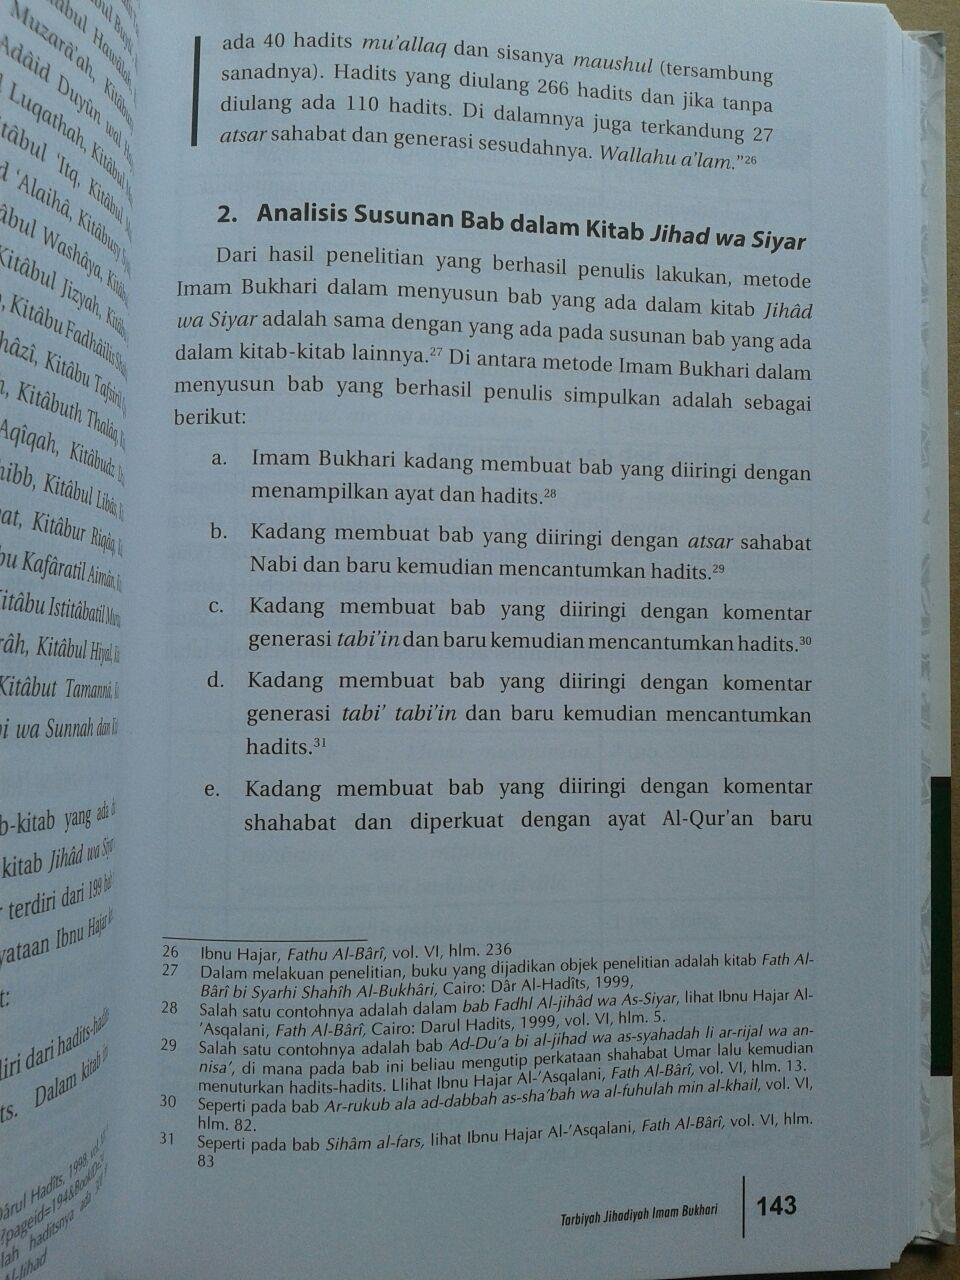 Buku Tarbiyah Jihadiyah Imam Bukhari isi
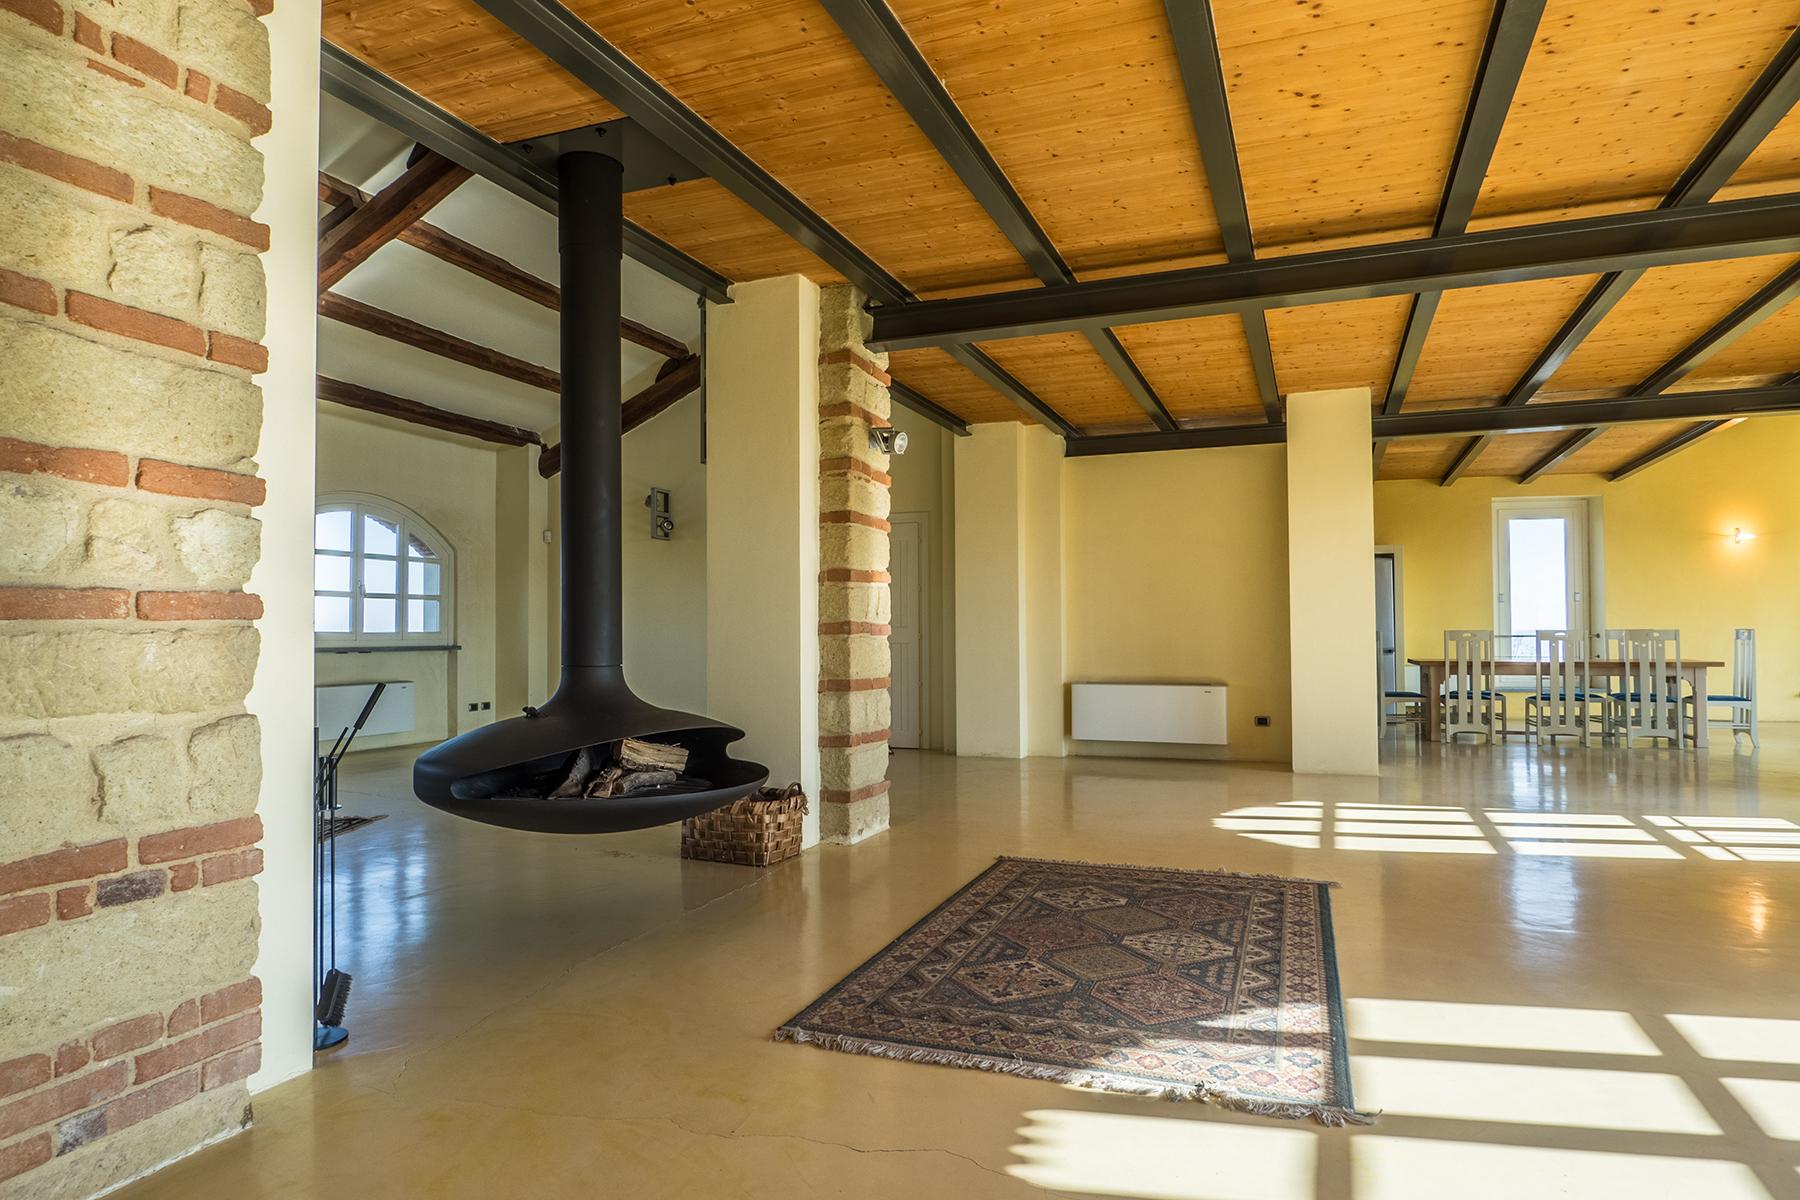 Rustico in Vendita a Vignale Monferrato: 5 locali, 1400 mq - Foto 17
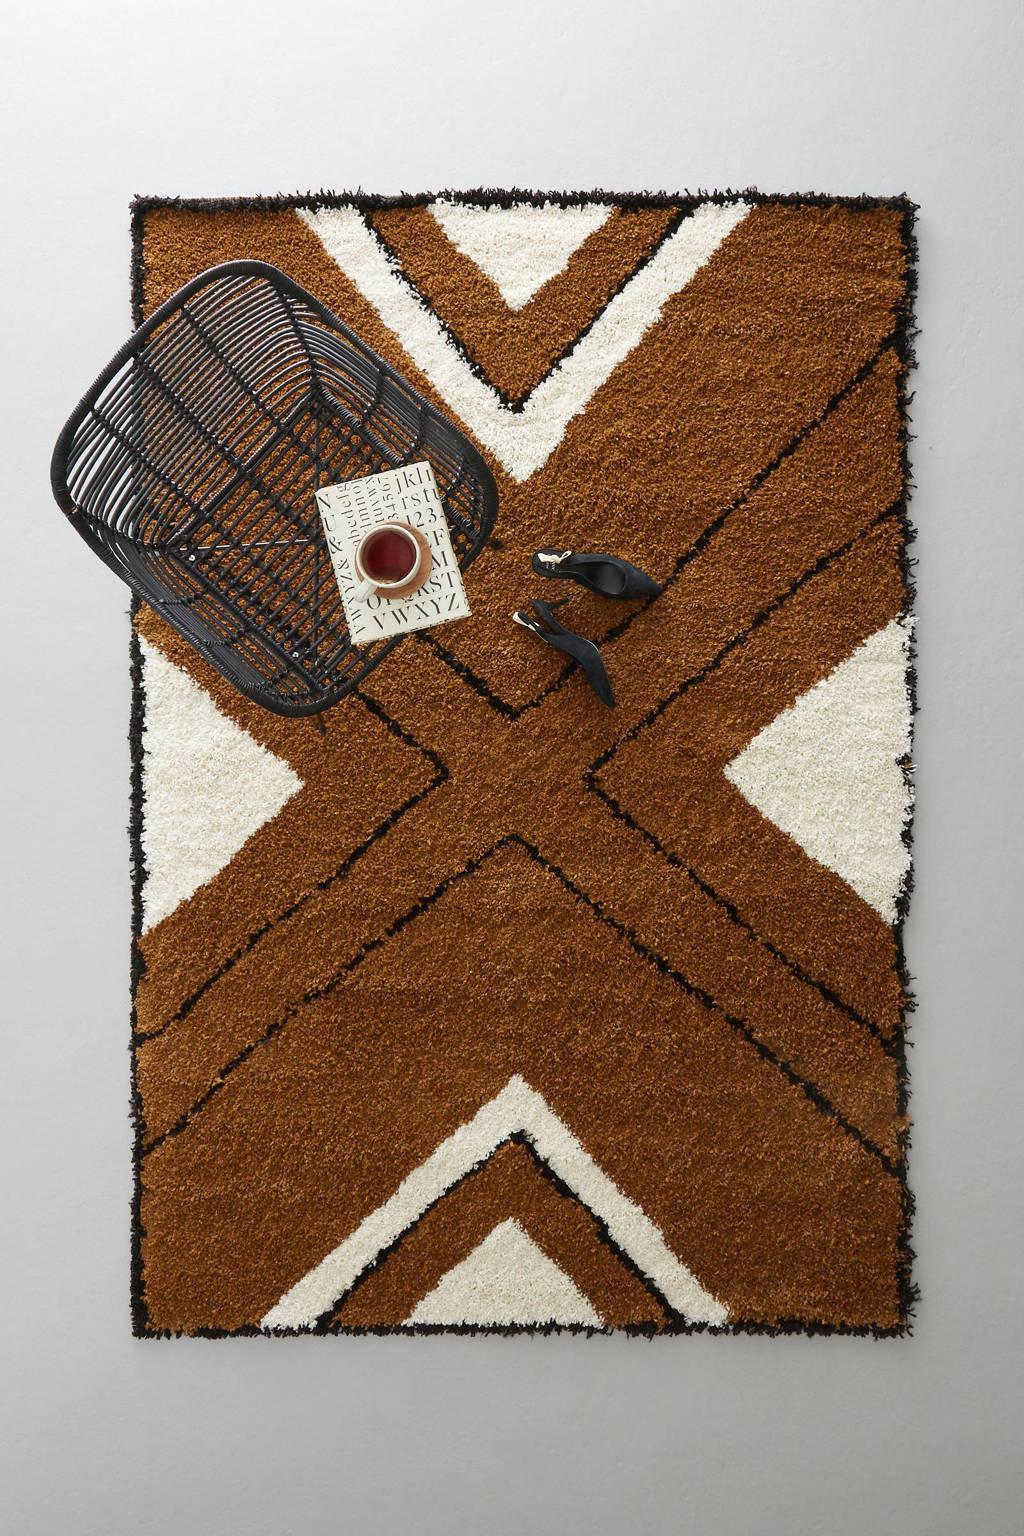 whkmp's own vloerkleed Royal Nomadic  (230x160 cm), Crème, Bruin, Zwart
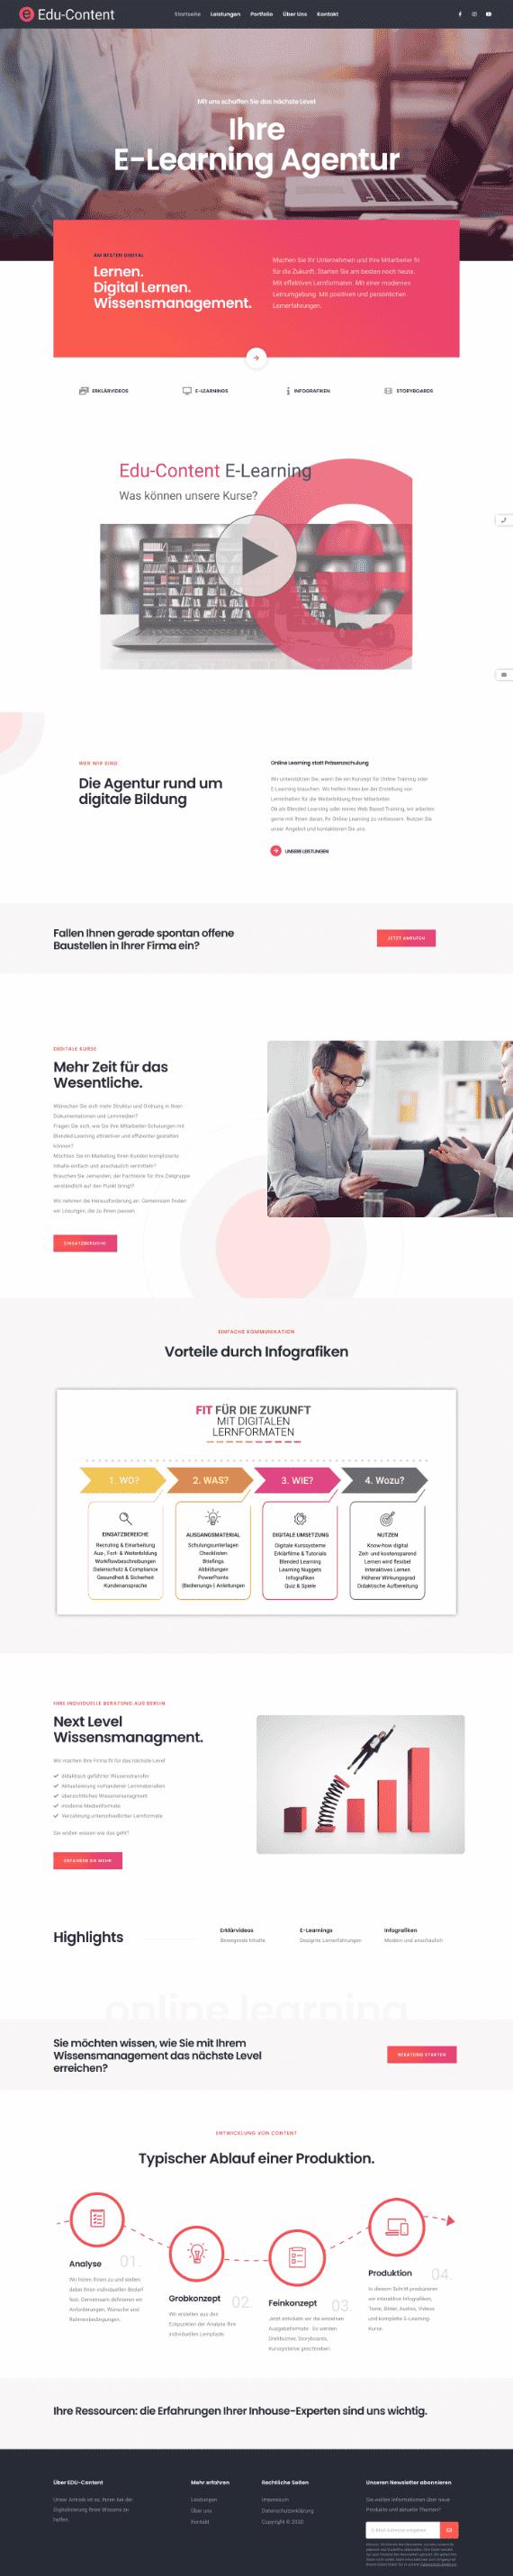 WordPress-Webdesign Referenz: Webseite von Edu-Content

▶ _What you have to do_: Leaving the pictures aside, transcribe the entire listing exactly.

▶ _Output for this task_:
 Buku Tarbiyah Jihadiyah Imam Bukhari isi
 Rustico in Vendita a Vignale Monferrato: 5 locali, 1400 mq - Foto 17
 whkmp's own vloerkleed Royal Nomadic  (230x160 cm), Crème, Bruin, Zwart
 WordPress-Webdesign Referenz: Webseite von Edu-Content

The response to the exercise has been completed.